Assumptions and deviations

  • Centering values for the linear-additive covariate equations were partly inferred. The paper states ‘Mean normalized (centered) covariate values were used’ (Materials and Methods, p E16) but does not tabulate the centering values themselves. The WT centering value of 79 kg follows from the pooled 24-subject mean of the Table 1 group means ((76.3 + 83.9 + 78.0) / 3 = 79.4 kg, rounded). The CYP2C19 centering value of 0.769 is the pooled-cohort mean S/R-mephenytoin ratio reported in the Areberg 2006 underlying analysis but not reproduced in the article text or trimmed-markdown excerpt available during extraction; it was supplied via the operator-approved sidecar context. Cohort-bounded validity: subjects outside the cohort’s WT (63-101 kg) or CYP2C19 (~0.1-1.2) ranges may receive unphysical apparent volumes or clearances under the linear-additive form (e.g., CL/F = 19 - 17*(2 - 0.769) = -1.9 L/h is mathematically valid in the equation but not biologically meaningful).
  • Sign of the CYP2C19 coefficient on CL/F. Areberg 2006 Table 3 reports theta_8 as a magnitude (17 L/h, RSE 23%) without an explicit sign in the trimmed-markdown excerpt of the encoded equation.
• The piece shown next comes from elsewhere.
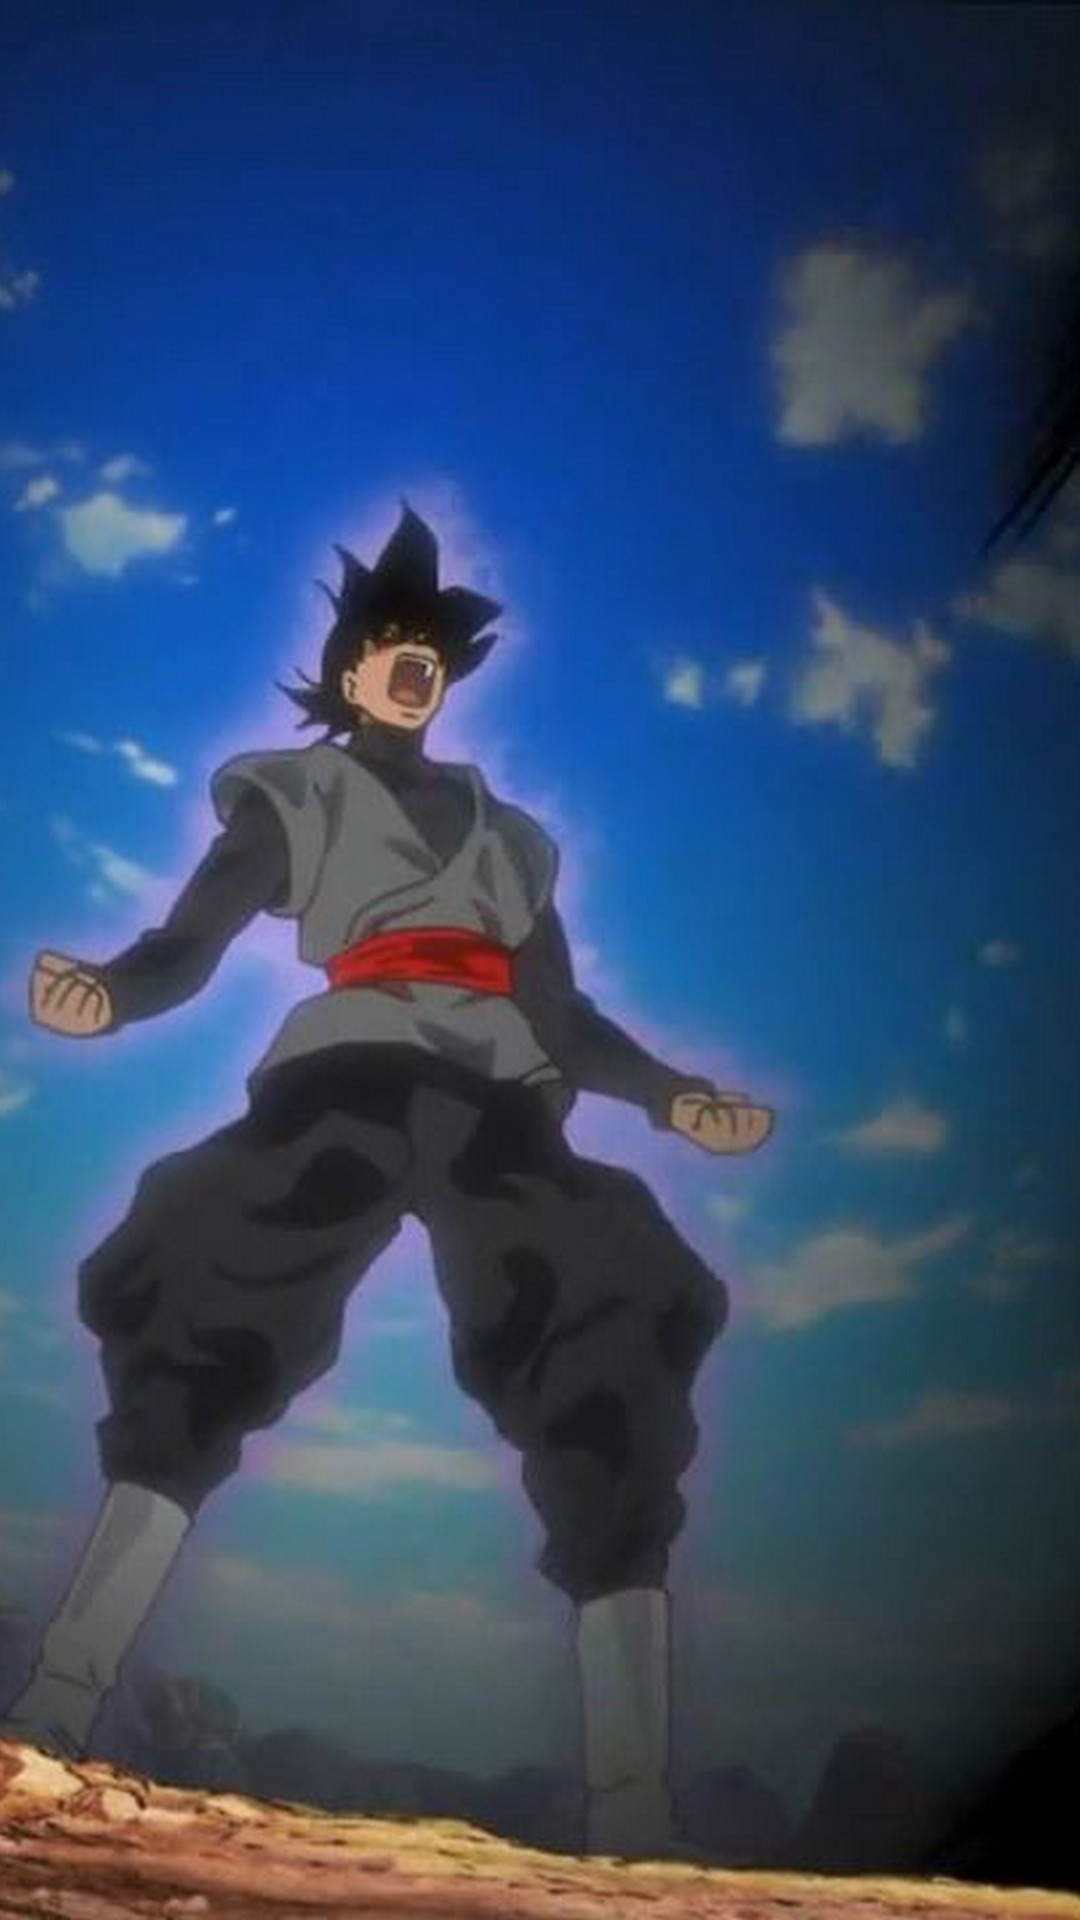 Black Goku Wallpaper Iphone 7 The Best Hd Wallpaper

The sign is inferred biologically: a higher urinary S/R-mephenytoin ratio indicates LOWER CYP2C19 activity (because high CYP2C19 activity selectively metabolizes S-mephenytoin and lowers the residual S enantiomer in urine), so a positive deviation in the CYP2C19 column lowers the apparent escitalopram clearance. The encoded sign (e_cyp2c19_cl = -17) reproduces the paper’s reported per-group CL/F ordering (healthy 25.2 > mild 20.3 > moderate 16.2 L/h) and the S/R ratio ordering (lower in healthy, higher in moderate hepatic impairment). See covariate-columns.md CYP2C19 entry Notes for the general convention.
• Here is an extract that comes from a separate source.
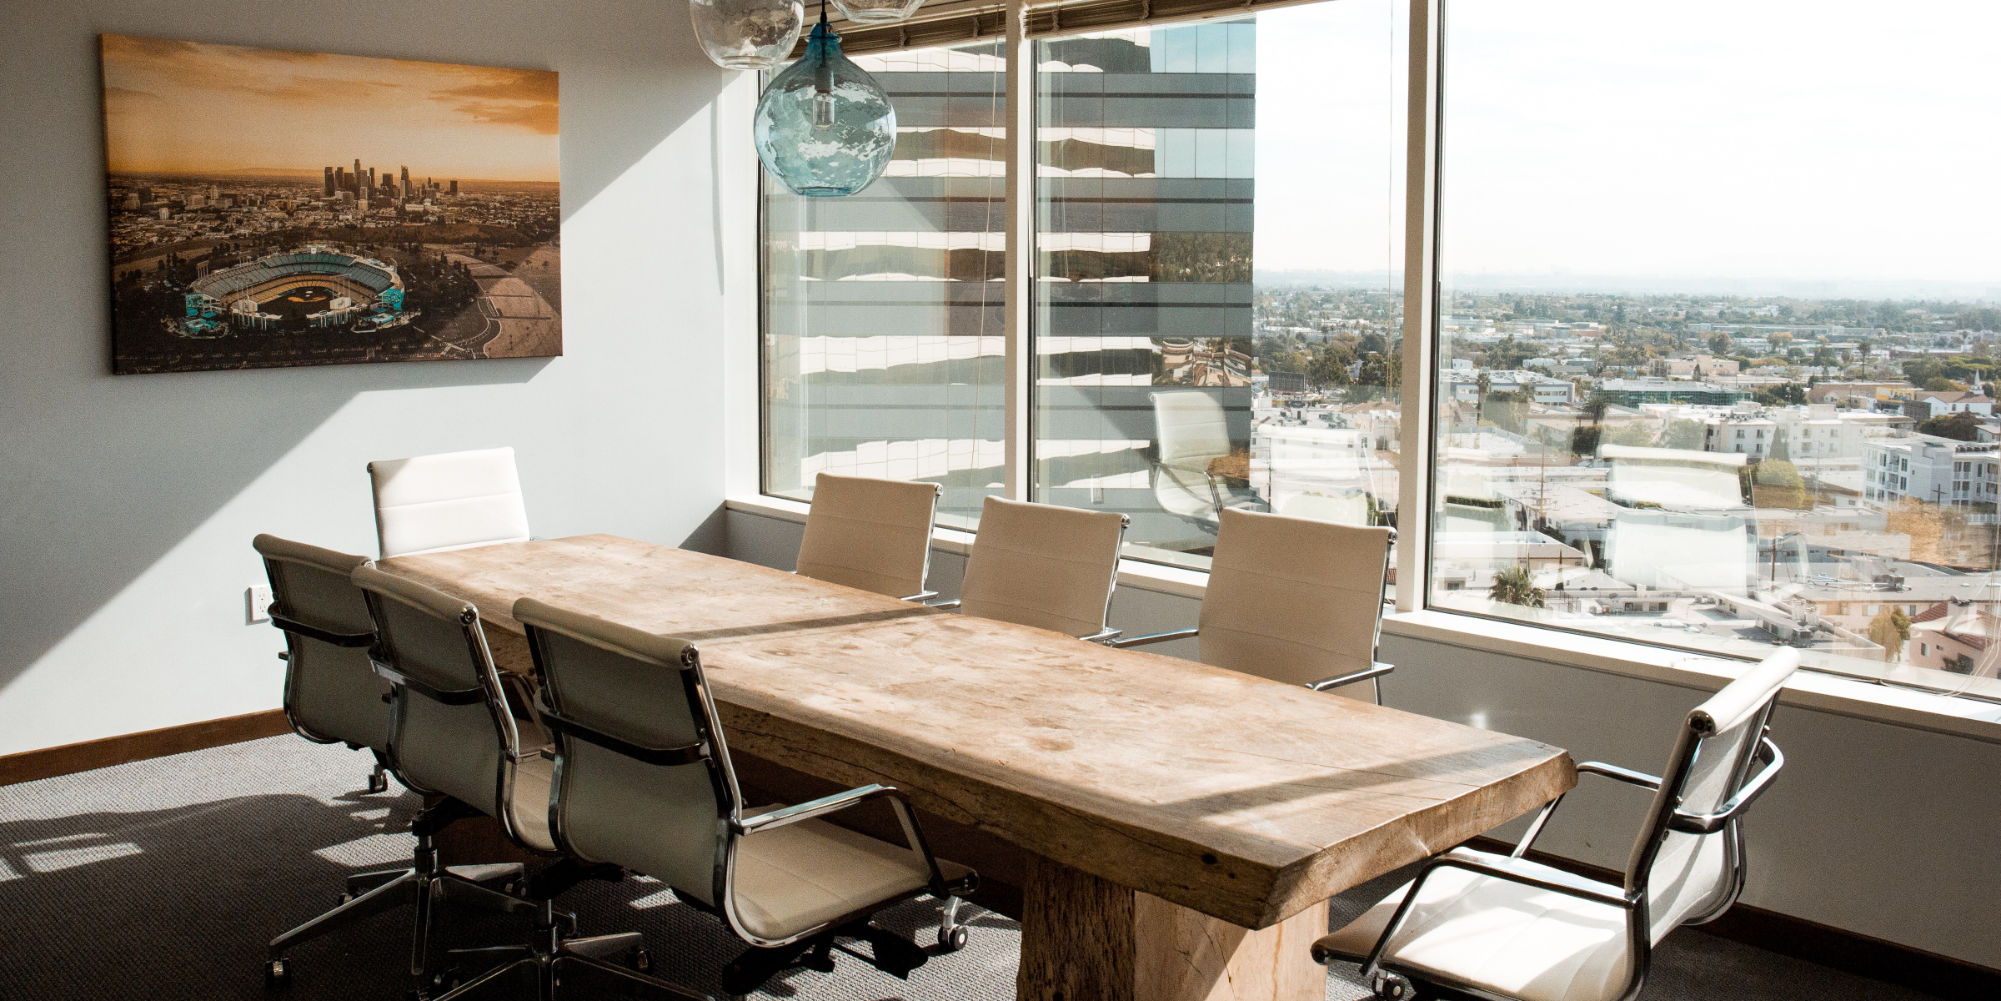 Genius Meetings - une solution performante pour organiser vos séminaires BtoB

  • ka was fixed at 3.6 1/h with eta retained. Areberg 2006 reports that ‘k_a had to be fixed in order to run the model successfully’ and that ka was ‘set to 3.6 h^-1, … based on modeling the data from each subject separately’. Inter-individual variability on ka (148% CV) is retained because ‘k_a values between subjects were allowed to vary because of interindividual variability’ (Discussion).
  • Hepatic-group covariate sampling. The virtual cohort’s per-group WT SDs (7, 12, 12 kg) are estimated from the Table 1 ranges by range / 3.46 (the expected range-to-SD ratio for n = 8); the per-group CYP2C19 SDs (0.15 across all groups) are approximated and not directly reported in the paper. This is a known limitation when reproducing published group-level Cmax / AUCinf summaries from a virtual cohort.
  • Concentration unit conversion is applied in the vignette, not the model file. The model file’s Cc is in mg/L (== ug/mL) for consistency with the rest of the nlmixr2lib library; the vignette multiplies by 1e3 / 324.39 to convert to nmol/L for direct comparison against the paper’s reported concentrations. Escitalopram free-base molecular weight 324.39 g/mol; the salt form used in the source clinical trial was escitalopram oxalate but the bioanalytical assay reported the free-base concentration.
  • Sex, age, race are descriptive only. The Areberg 2006 final model has no sex / age / race covariate effect (these were tested and not retained); the population metadata block records cohort composition for documentation but the model itself does not consume any of these columns.
  • Cohort all-Caucasian. The Areberg 2006 cohort enrolled only Caucasian subjects. The cohort-mean CYP2C19 S/R ratio of 0.769 is specific to this population; applying the model’s covariate equation to populations with a markedly different CYP2C19 allele-frequency spectrum (e.g., higher CYP2C19*2 prevalence in East Asian cohorts) should be done with awareness that the centering value would shift.